- Newest
- Most votes
- Most comments
The issue you're experiencing with your c7a.medium Ubuntu LTS EC2 instances losing network connectivity after CPU or memory spikes is a complex problem that could have multiple causes. Based on the information provided, here are some potential explanations and troubleshooting steps:
-
Resource Exhaustion: The CPU or memory spikes might be causing resource exhaustion, leading to network connectivity issues. This could be particularly problematic if critical system processes are being starved of resources.
-
DHCP Issues: The reports of systemd-networkd failing to renew DHCP leases suggest that there might be a problem with the DHCP client on your instances.
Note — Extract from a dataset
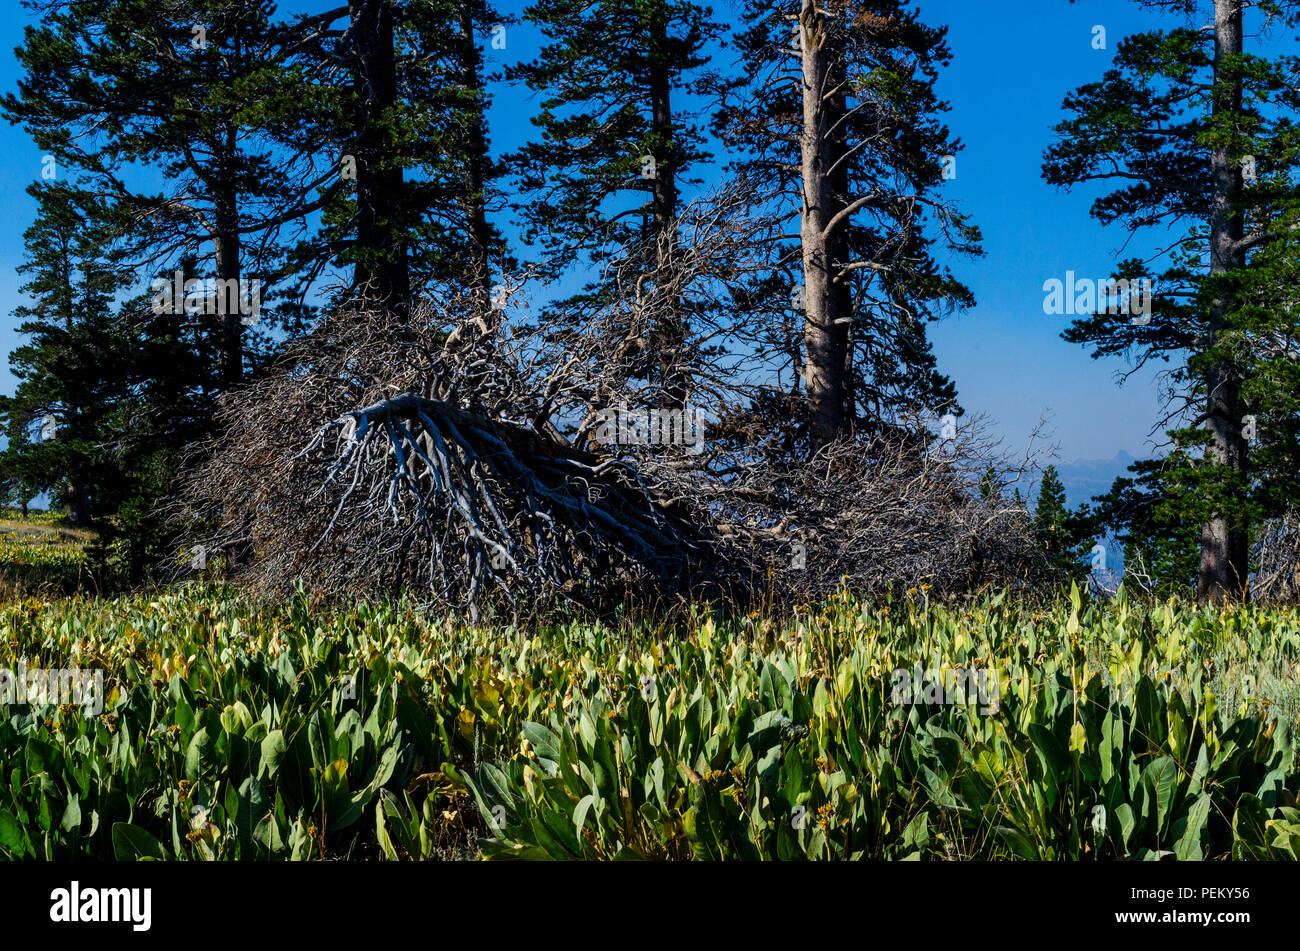 A fallen dead tree and Mules Ears (Wyethia mollis) in the Stanislaus National Forest Sierra Nevada Mountains California USA Stock Photo

This could be exacerbated by high system load.
-
Kernel or Driver Issues: There might be underlying kernel or network driver issues that manifest under high load conditions.
-
snapd and Unattended Upgrades: The correlation with snapd refreshes and unattended upgrades suggests that these processes might be triggering the issue, possibly due to resource contention or conflicts with network-related services.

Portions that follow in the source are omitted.